The story follows Sarah Weston, a doctorate student pursuing a degree in music. After the death of her beloved mentor, she receives an offer to spend the summer at Prague Castle cataloging Beethoven’s manuscripts. Sarah accepts the job, hoping to follow in her mentor’s footsteps and find out what really happened to him.

But Sarah soon finds herself caught in a dangerous web of secrets. There’s a mysterious time-warping drug, one her mentor may have been murdered to protect. As Sarah delves more into the mysteries of Beethoven and Prague Castle, she discovers a conspiracy that could rock the world. With the help of the handsome Prince Max and a four hundred-year-old dwarf named Nico, Sarah just may be able to find the answers— and have a little kinky fun along the way.
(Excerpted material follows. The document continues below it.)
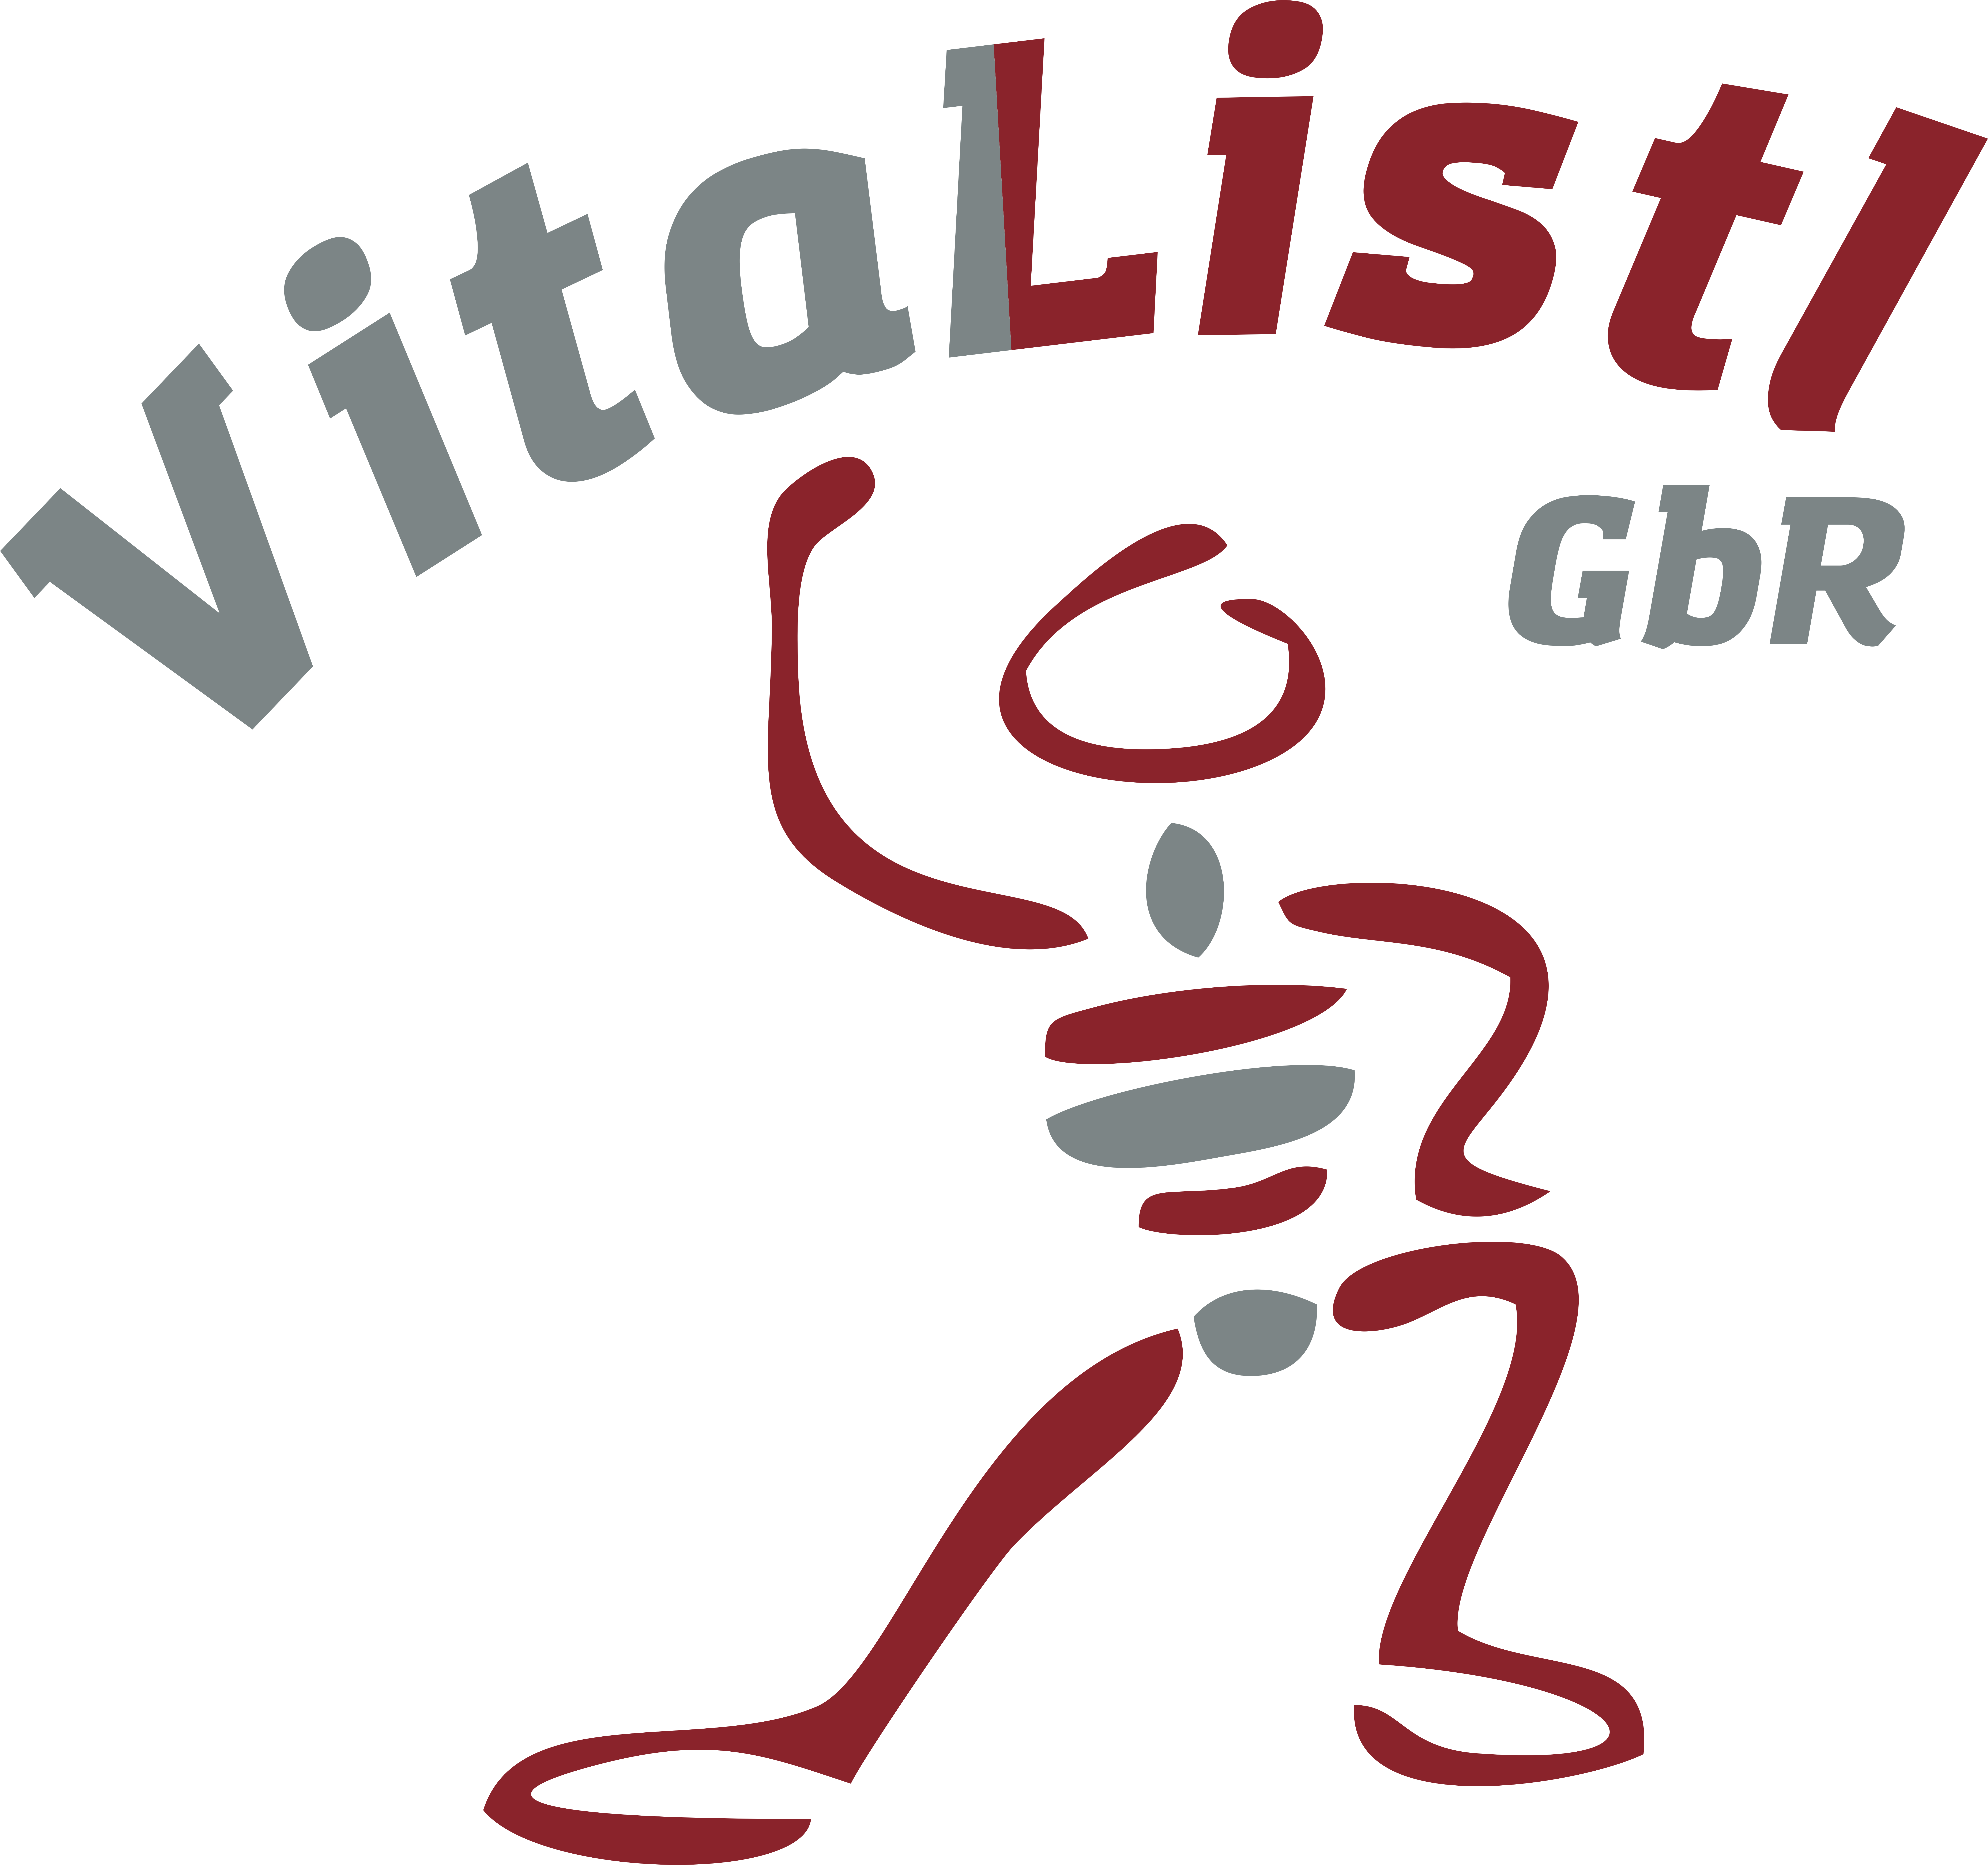 Vitalistl GbR

Sounds super weird, right? But, like, a good kind of weird. I assure you that it is not. This book will have you saying “WTF” at every twist, every action, every piece of dialogue. Nothing about this book makes sense. Flyte (a pseudonym for Christina Lynch and Meg Howrey) includes baffling details and makes altogether strange choices in both characterization and plot development.

I read this entire book convinced it was written by a man because, surely, no woman would write a female character like Sarah or think the sex in this book is, well, sexy. Evidently, I was wrong. The women behind Magnus Flyte believe in this book whole-heartedly. They fill it with homophobic stereotypes and “comedic” rape scenes.

Flyte keeps most of the action off-page, reducing Sarah to a passive pawn in her own story. Max makes all the decisions and Nico makes all the discoveries. It isn’t until the last third of the book that Sarah has any agency in her story. But by this point, it’s too little, too late. I already hated everyone but the villain. Whoops.

I don’t want to keep going on and on about this atrocious excuse for a novel. If you’d like more details, check out my review or my Twitter thread with actual text from the book. But don’t pursue it any further than that. This book isn’t fit to wipe your ass, let alone for actual reading. Don’t even hate-read it. It’s not funny, just baffling and infuriating. The only joke here is the writers themselves.

Did you know that Magnus Flyte reviewed a book by Meg Howrey on Goodreads and gave it five stars? Authors are free do this for their own books, but Howrey is clearly pretending Flyte is an unrelated writer who just happened to read her book. That’s just sad and despicable.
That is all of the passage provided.